Mammootty and Vinayakan play killer and cop in a story that takes a while to take off. The writing could have been better at times, but post-interval, things begin to fall into place with surgical precision, and the final stretch is terrific. That’s the short take. A longer review follows and it may contain spoilers.
It’s the end of the year, and absolutely nothing has changed in cinema – which is my way of saying that Malayalam movies continue to push the bar. We’ll get to the story of Kalamkaval in a bit, but let’s first talk about the casting. You have a fair-skinned, good-looking man like Mammootty and you have a dark-skinned actor like Vinayakan. The instant temptation would be to have Mammootty play the good guy and Vinayakan play the bad guy. But no. In Jithin K Jose’s debut film, Mammootty plays a serial killer and Vinayakan is the cop on the case. It makes sense. If you were to look for an actor for a role that requires him to seduce a series of women, who better to cast than Mammootty! I mean, which woman can resist him! In the first few minutes of the film, this character smoothly lies to his wife, smoothly talks to a woman he has been seeing on the side, smoothly smokes a cigarette after making love to her in a lodge, and then smoothly kills her. We should be appalled. Instead, we want to applaud. This is not just performance. This is also social service. The next time any of us faces an ageist remark, all we need to do is point to Mammootty and say that age is just a number. As terrific as he is on screen, he makes us feel better off screen.

Kalamkaval is basically a fun, pulpy, B-movie – unlike, say, Vidheyan and Munnariyippu, to name two of my favourite films where Mammootty has played villainous characters. But here he’s a relentless ladykiller, and just seeing him stand still, smoking a cigarette at a roadside shop while eyeing a potential victim is a masterclass in acting. His lips curve into a smile that’s first seductive and then sinister. The change in the smile is just a fraction, but the change in mood is a thousandfold. Vinayakan is equally good as the diligent cop who just won’t give up. He has a look throughout that suggests that whatever time it takes, he will get his man. This is a look of perseverance and persistence. Even in the one scene he is shown with his family, he is arm-wrestling with his daughter. It’s a matter of who wins. But the scene carries an undertone. When this daughter grows up, she might be in danger from the likes of the man he is chasing.
The most beautiful aspect of Kalamkaval is its suggestion that there are many women looking for… something else. They could be single women looking for storybook love, even if it’s an older man. Or it could be married women who lead unsatisfied lives. One of the film’s most indelible images comes when we see a woman waiting on a bed. She waits and she waits. It’s a very sad visual. Of course, this is not the main point of the movie. But it’s there, and it keeps you caring that the killer gets caught even as the fan inside you may want Mammootty to somehow escape. Kalamkaval does not make any excuses for the man. There is no tortured childhood, and his stepmother did not beat him – or even if these things happened, we are not told about them. The man is a psychopath, plain and simple. He is addicted to killing, and the Vinayakan character gets a great monologue about rats to explain how killing can get addictive.
But I must confess that the first half did not impress me much.
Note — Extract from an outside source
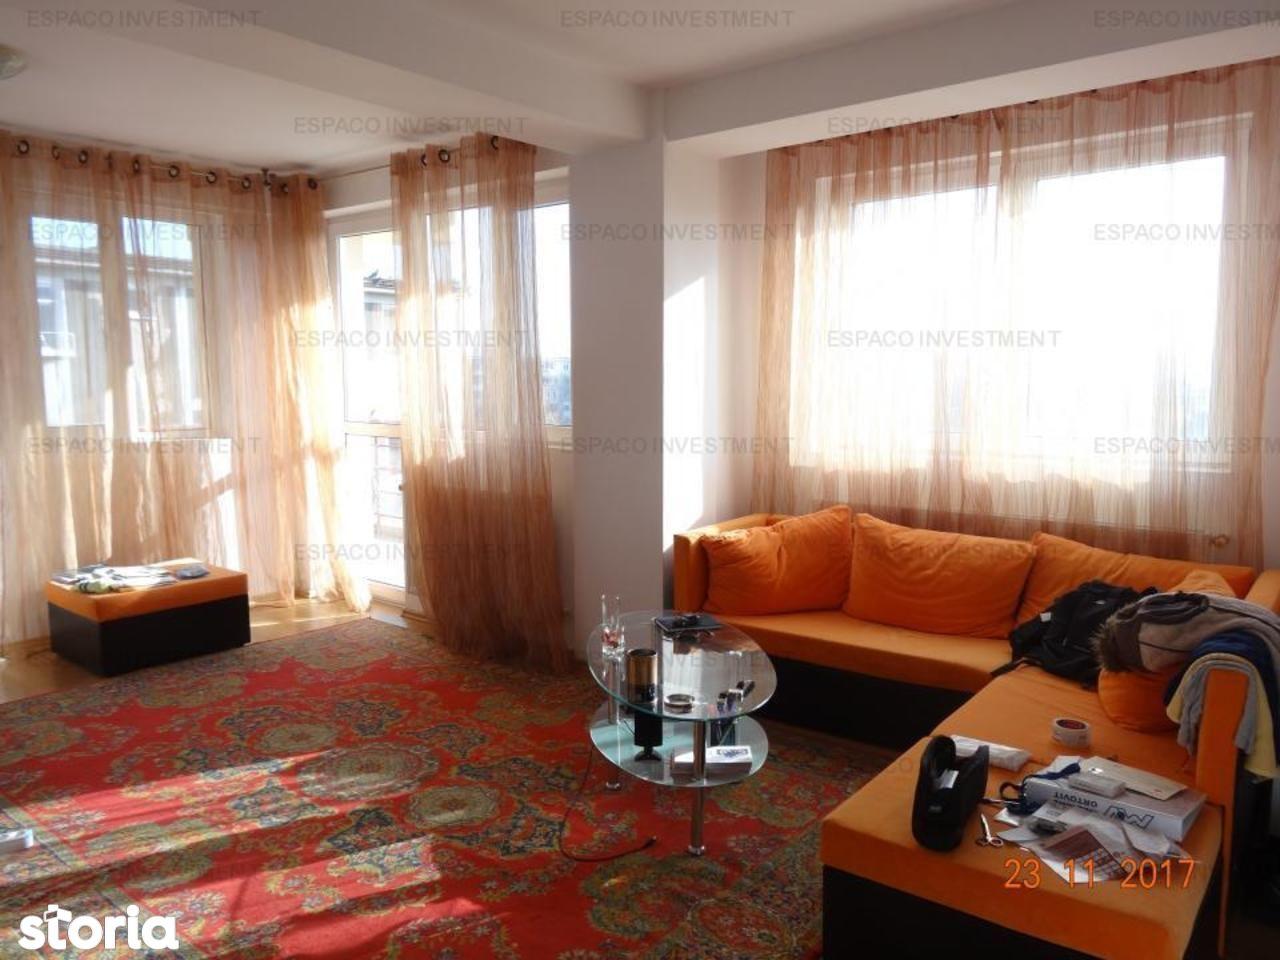 Apartament de vanzare, București (judet), Aleea Bistricioara - Foto 11

Yes, the actors are great but the screenplay suffers from the need to have a big interval moment. So until then, there is a lot of repetition about the killer and his various victims. There is a nice technique used where the entire process from initial sighting to final killing is played out through various women instead of just one woman, but it still looks too easy. There is no tension on the killer side of things. Most movies about killers – unless written by Bahul Ramesh – are about one of many things. They are about who the killer is, or what his motives are, or how he gets caught. Here, the identity is revealed right away and there is no motive as such, so the only mechanism of suspense and tension the film has is the fact whether he gets caught or not, and how.

Fortunately, this portion (which plays out mainly in the second half) works solidly, and the last half-hour is terrific. It’s a wonderful demonstration of misdirection, thanks to a screenplay that relies on short scenes that keep crossing over from killer to cop, cop to killer. There is some concession to “mass” elements by staging a fight scene, when you’d think an entire squadron of policemen would be involved – but the final blow is delivered by someone you don’t expect and it adds an element of poetic justice. In this last stretch, everything becomes better – the cinematography, the tension, the staging. And when we get a reveal, it’s a grand theatre moment that makes you glad you are watching this movie with many other people who are experiencing the same high as you, at that exact same moment. Kalamkaval is not perfect, but it doesn’t need to be. The two leading men and the final stretch more than get the job done.